Eleonora Valentinovna Mitrofanova (; born 11 June 1953) is a Russian diplomat. She currently serves as the Ambassador of Russia to Bulgaria, having held the post since 15 January 2021. She is the first woman to hold the post of First Deputy Minister of Foreign Affairs.

Career 
Mitrofanova is a graduate of the Moscow State Institute of International Relations, specializing in International economics.

Deputy Minister of Foreign Affairs (2003-2009)
In May 2003, President Vladimir Putin appointed Mitrofanova by decree to the post of the First Deputy Minister of Foreign Affairs. After the abolition of the Russian Ministry of Affairs of Federation and Nationalities her mandate included also the activities of the Roszaroubezhcentre of the MFA.

Ambassador-at-large to UNESCO (2009-2016)
She was previously ambassador-at-large of the Ministry of Foreign Affairs and a Permanent Delegate of to UNESCO.

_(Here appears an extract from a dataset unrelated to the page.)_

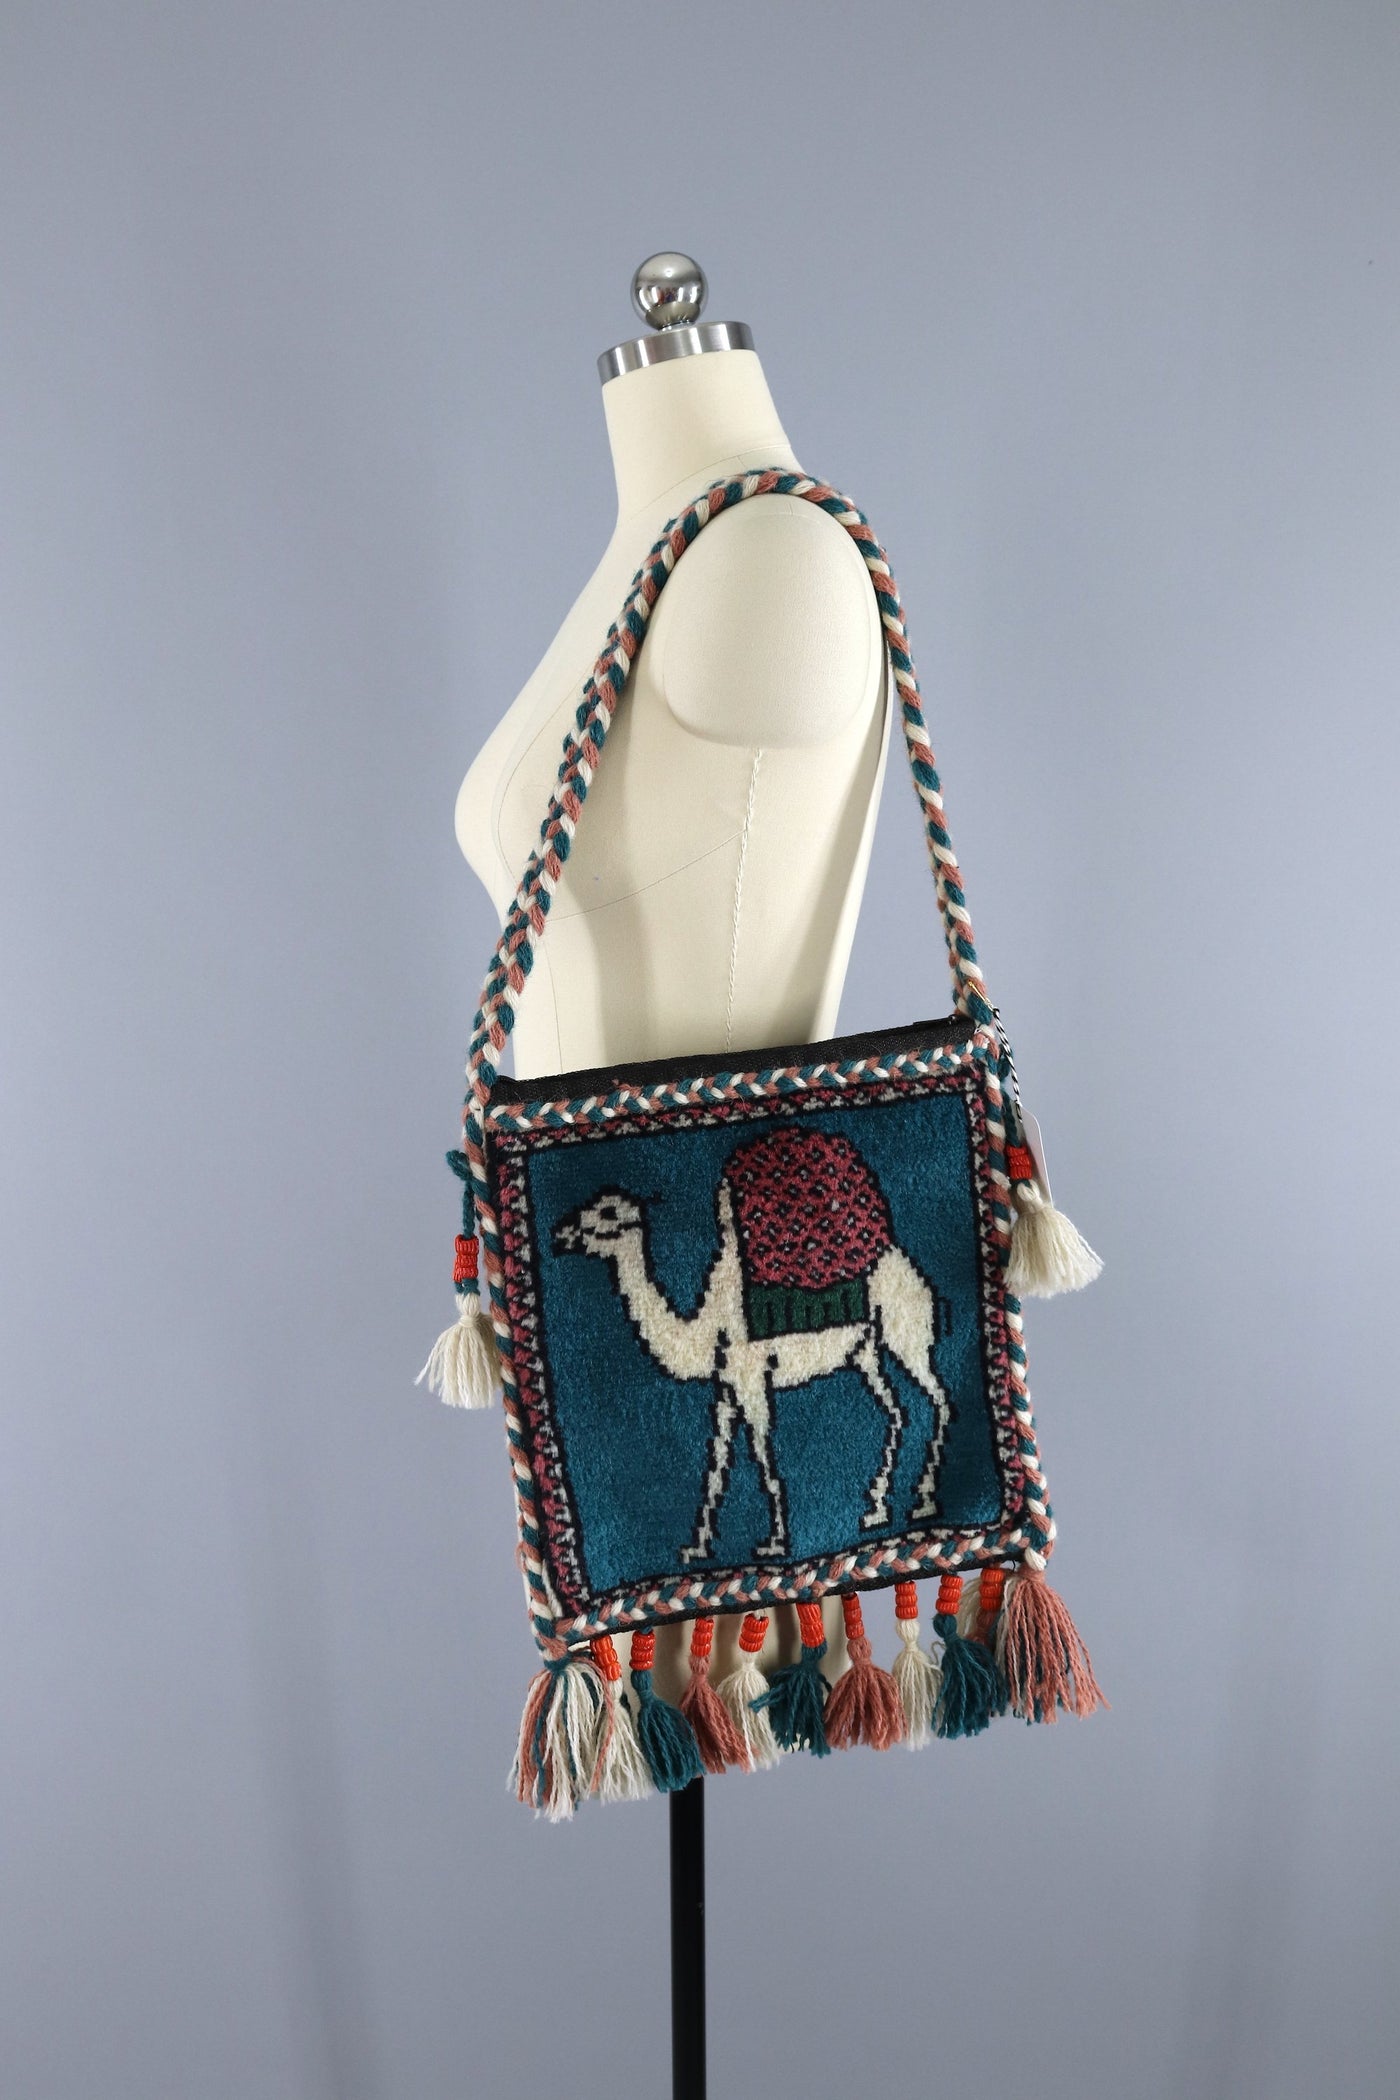 Vintage 1970s - 1980s Egyptian CAMEL Carpet Bag with Beaded Tassels - ThisBlueBird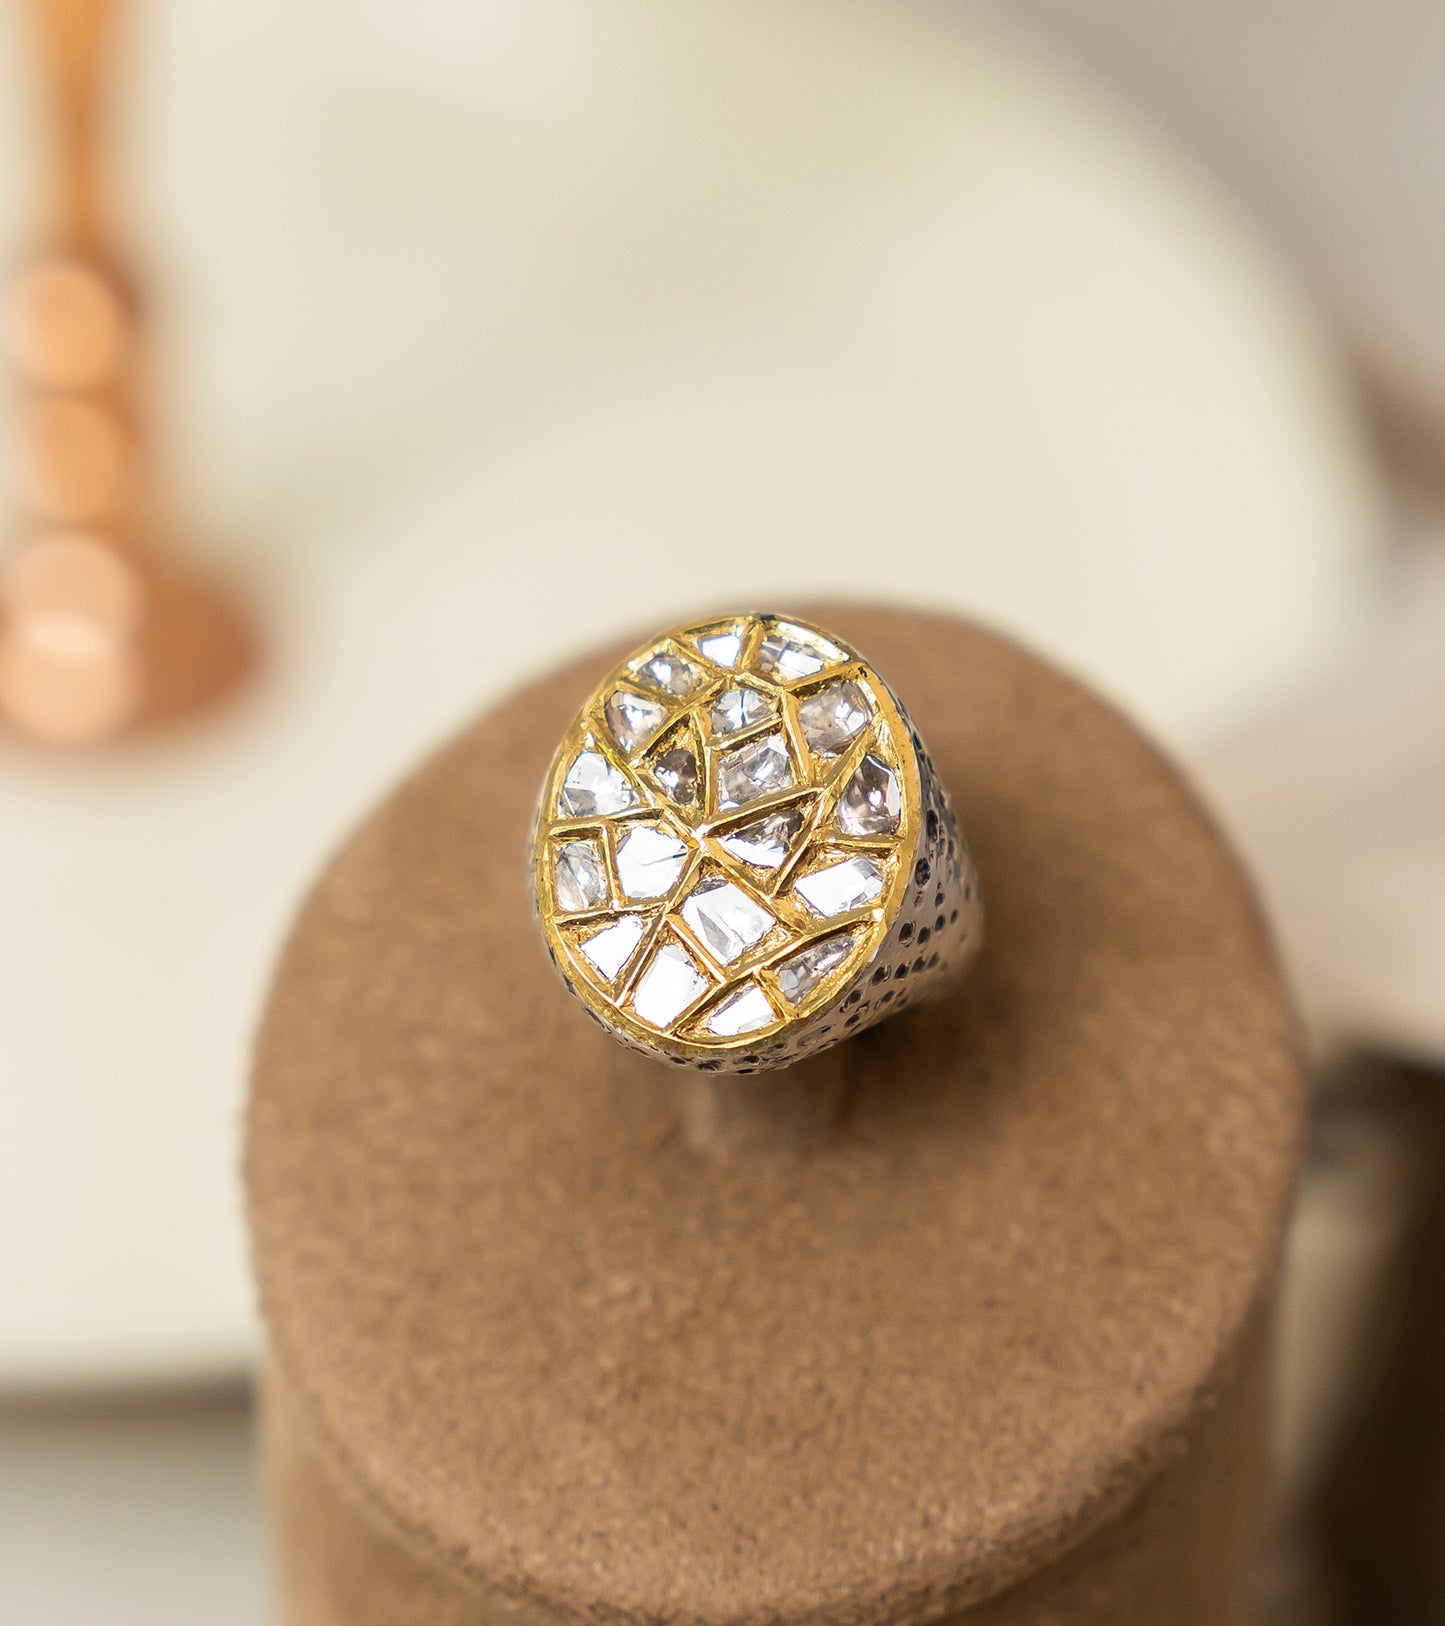 The Oval Cocktail Ring

Ambassador to Bulgaria (2021-present)
On 15 January 2021 she was appointed Ambassador of Russia to Bulgaria.

As a result of the 2022 Russian invasion of Ukraine and the Russian government's response to it in Bulgaria, in late March 2022, Mitrofonova was criticized for making "undiplomatic, sharp and rude" statements against the Bulgarian government and its citizens.  

In April 2022, Mitrofanova proceeded to harshly criticize an initiative of the Bulgarian citizens and government to rename the alley in front of the Russian Embassy as 'Heroes Of Ukraine' Lane, and a neighboring alley to be renamed to Boris Nemtsov Lane, in commemoration of the infamously slain Russian opposition figure.

As a result of the controversies, there have been widespread talks about declaring Mitrofanova as persona-non-grata, due to the abrasive, disrespectful and undiplomatic nature in which she has addressed the Bulgarian government and citizens.

In the evening of 27 June the Russian embassy in Sofia launched a charity appeal for Bulgarians to support the Russian invasion of Ukraine. One day later, Petkov announced the expulsion of 70 Russian diplomats over concerns of espionage. The Ministry of Foreign Affairs announced that Bulgaria would be temporarily closing down its diplomatic mission in Yekaterinburg and expected Russia to temporarily halt the activities of its own mission in Ruse, Bulgaria. All services of the Russian embassy were halted, and Bulgaria stipulated that Russia must follow from thenceforth the official standard of limiting their numbers to 23 diplomatic staff and 25 administrative staff.

Personal life 
She is married and is the mother of three children. Her brother Alexei Mitrofanov is a politician and former MP. Outside of Russian, she is fluent in English, Spanish and French.

Decorations 
 Medal of the Order "For Merit to the Fatherland" (2008)
 Order of Friendship (2003)
 Order of Honour (2013)
 Olympia National Award (2003)
 Order of Douslyk (Tatarstan, 2017)
 Order of the Holy Queen of Milica (Serbian Orthodox Church, 2018)

References

External link

1953 births
Living people
Ambassador Extraordinary and Plenipotentiary (Russian Federation)
Permanent Delegates of Russia to UNESCO
Ambassadors of Russia to Bulgaria
Russian women diplomats
Women ambassadors
First convocation members of the State Duma (Russian Federation)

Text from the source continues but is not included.